Presiden Jokowi akhirnya mulai mempertimbangkan untuk menghapus sistem zonasi dalam penerimaan siswa baru tahun depan. Jika bisa ketemu Pak Jokowi, saya akan bilang, nggak usah pakai pertimbangan lagi. Sudah, hapus saja, Pak!
Sistem zonasi sudah terbukti melahirkan berbagai jenis pelanggaran dan kecurangan. Misalnya dari menyiasati GPS, yang saya heran ternyata ada sih yang ngibulin teknologi macam ini, sampai berbagai jenis tipu-tipu memperdayai teknologi yang dianggap sudah mumpuni ini.
Perpindahan KK warga siluman juga banyak ditemui. Kenapa siluman? Ya karena cuma “titip” nama anak saja biar keterima di sekolah unggulan kota. Aksi ini membuat warga asli yang sudah tinggal bertahun-tahun harus menelan kekecewaan karena nggak bisa masuk sekolah impian. Ya, dari berbagai kecurangan serta ketidakadilan ini, bagi saya sebagai guru SMA, sistem zonasi adalah kebijakan pemerintah yang hanya digunakan untuk menutupi kemalasan saja. Lho, kok bisa?
Sistem zonasi adalah wujud kemalasan pemerintah!

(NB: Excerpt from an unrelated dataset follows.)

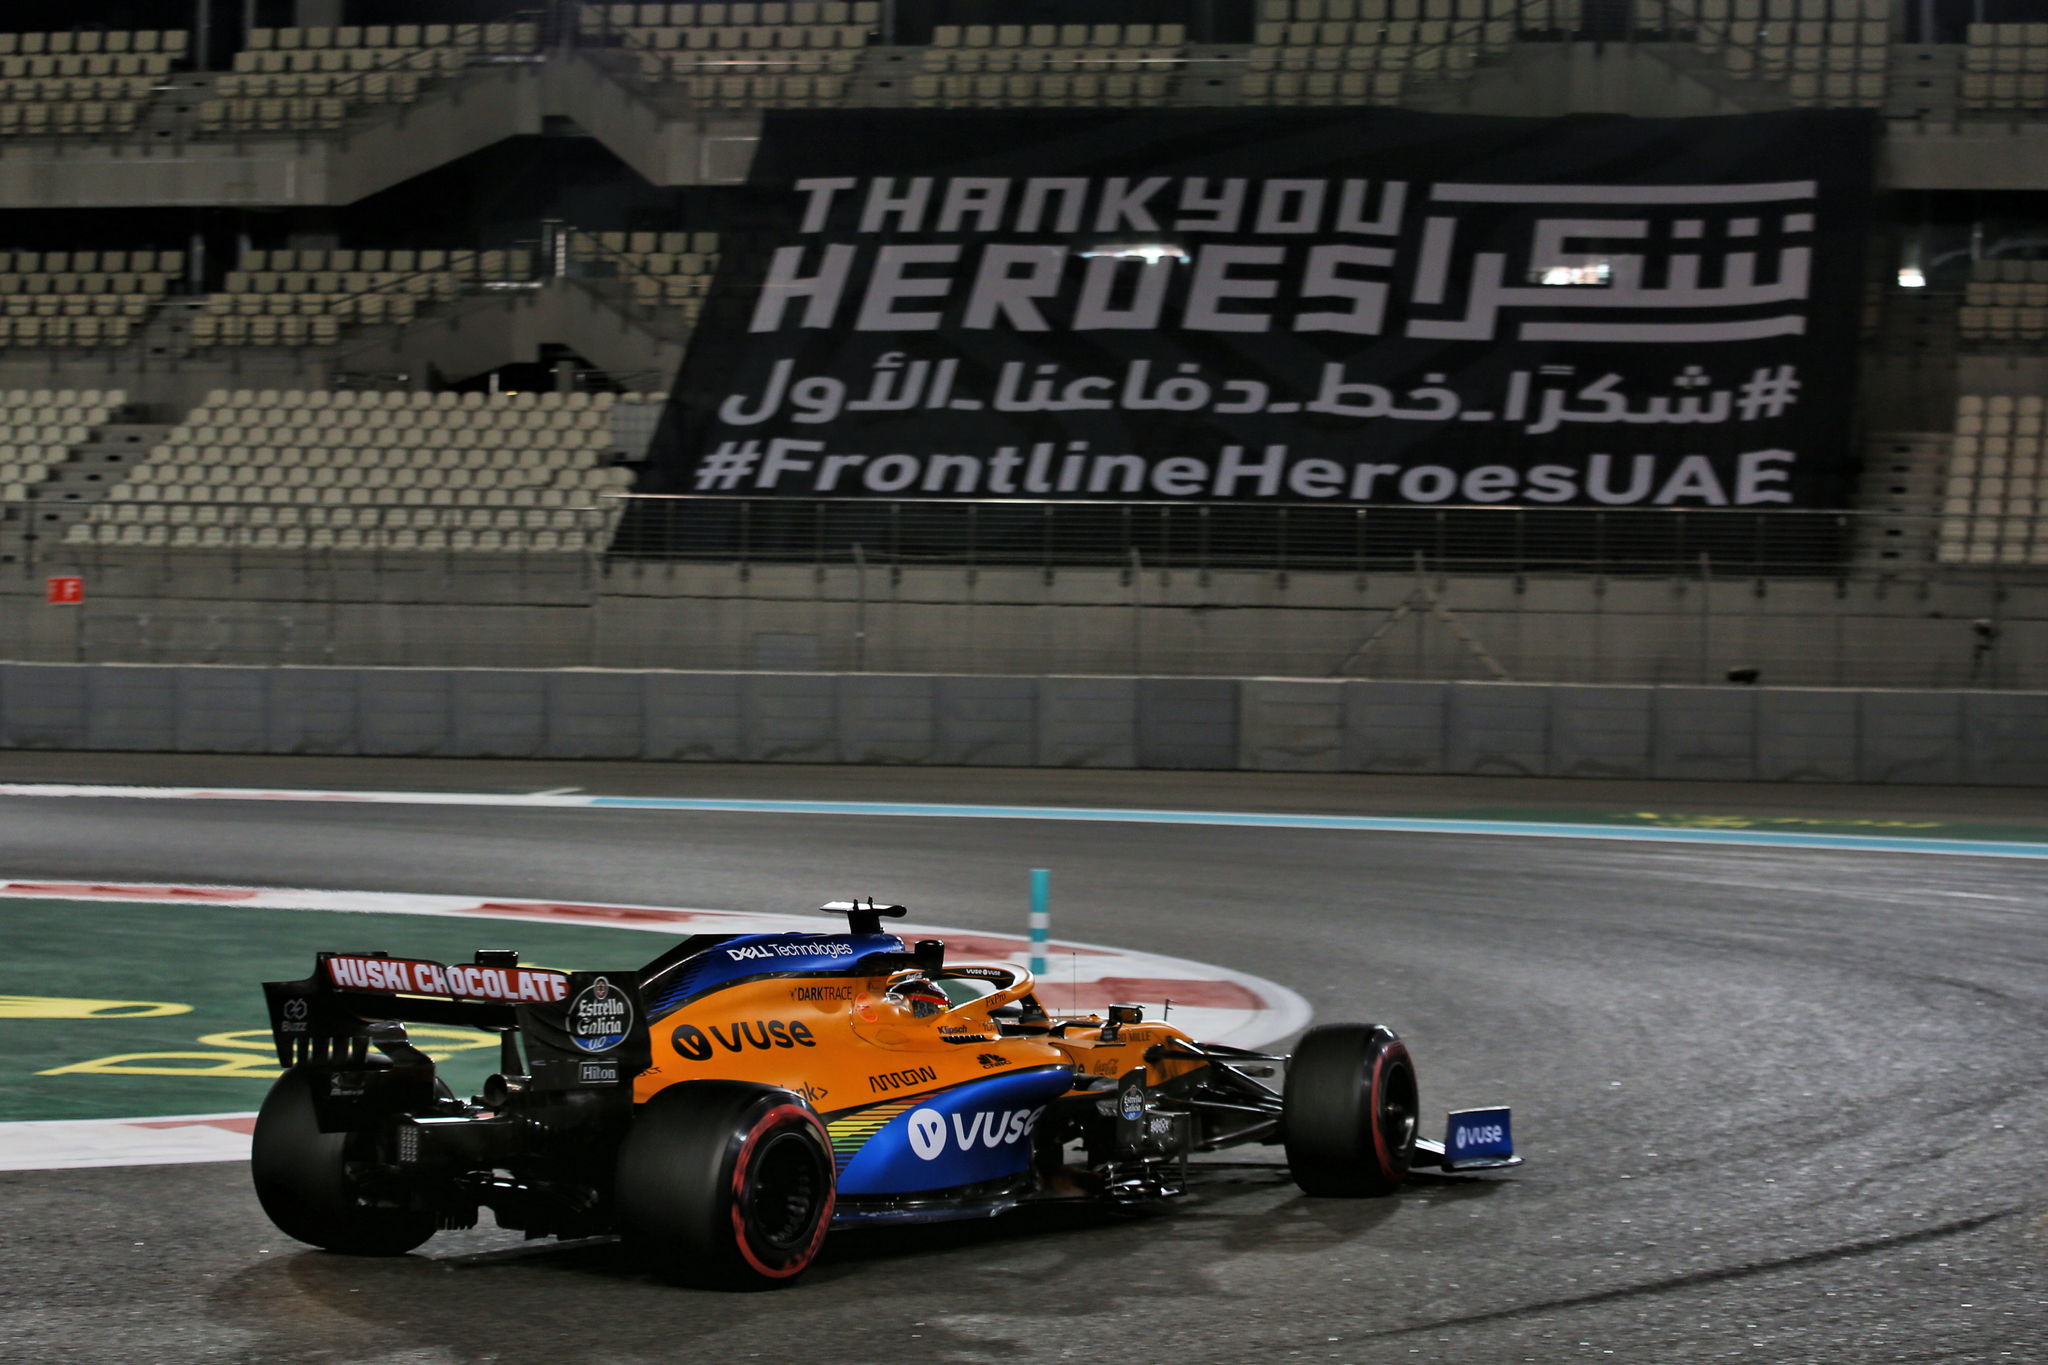 Abu Dhabi (United Arab Emirates), 11/12/2020.- A handout photo made available by the FIA of Spanish Formula One driver lt;HIT gt;Carlos lt;/HIT gt; lt;HIT gt;Sainz lt;/HIT gt; of McLaren in action during the second practice session of the Formula One Grand Prix of Abu Dhabi at Yas Marina Circuit in Abu Dhabi, United Arab Emirates, 11 December 2020. The Formula One Grand Prix of Abu Dhabi will take place on 13 December 2020. (Fórmula Uno, Emiratos Árabes Unidos) EFE/EPA/FIA/F1 HANDOUT HANDOUT EDITORIAL USE ONLY/NO SALES *** Local Caption *** BAHRAIN, BAHRAIN - NOVEMBER 26: gt; during previews ahead of the F1 Grand Prix of Bahrain at Bahrain International Circuit on November 26, 2020 in Bahrain, Bahrain. (Photo by Rudy Carezzevoli/Getty Images)

Sistem zonasi menganggap siswa itu enaknya kalau sekolah ya yang dekat saja. Ini menunjukkan bahwa pemerintah abai terhadap kesenjangan sekolah pinggiran sama sekolah kota yang unggulan itu besar sekali. Alih-alih mencoba memperbaiki kesenjangan itu, pemerintah malah mengeluarkan kebijakan sistem zonasi. Kebijakan yang sembrono dan memang pengin enak dan gampangnya saja.
Pemerintah, dengan dalih keadilan dan pemerataan telah membuat mata kita semua seolah tak mampu melihat arti sesungguhnya. Bahkan, di awal sistem ini diberlakukan, saya sempat merasa bahwa pemerintah telah bersungguh-sungguh untuk memberikan pemerataan itu dan mewujudkan sila kelima Pancasila. Wah keren ini. Itu kata saya dulu.
Namun ternyata perkiraan saya tidak benar. Setelah kurang lebih 4 tahun sistem zonasi diterapkan, tidak ada kemajuan signifikan yang diberikan pemerintah. Kemajuan itu bisa berupa perwujudan pemerataan sarana prasarana sampai sistem supervisi pada tiap sekolah yang diperketat.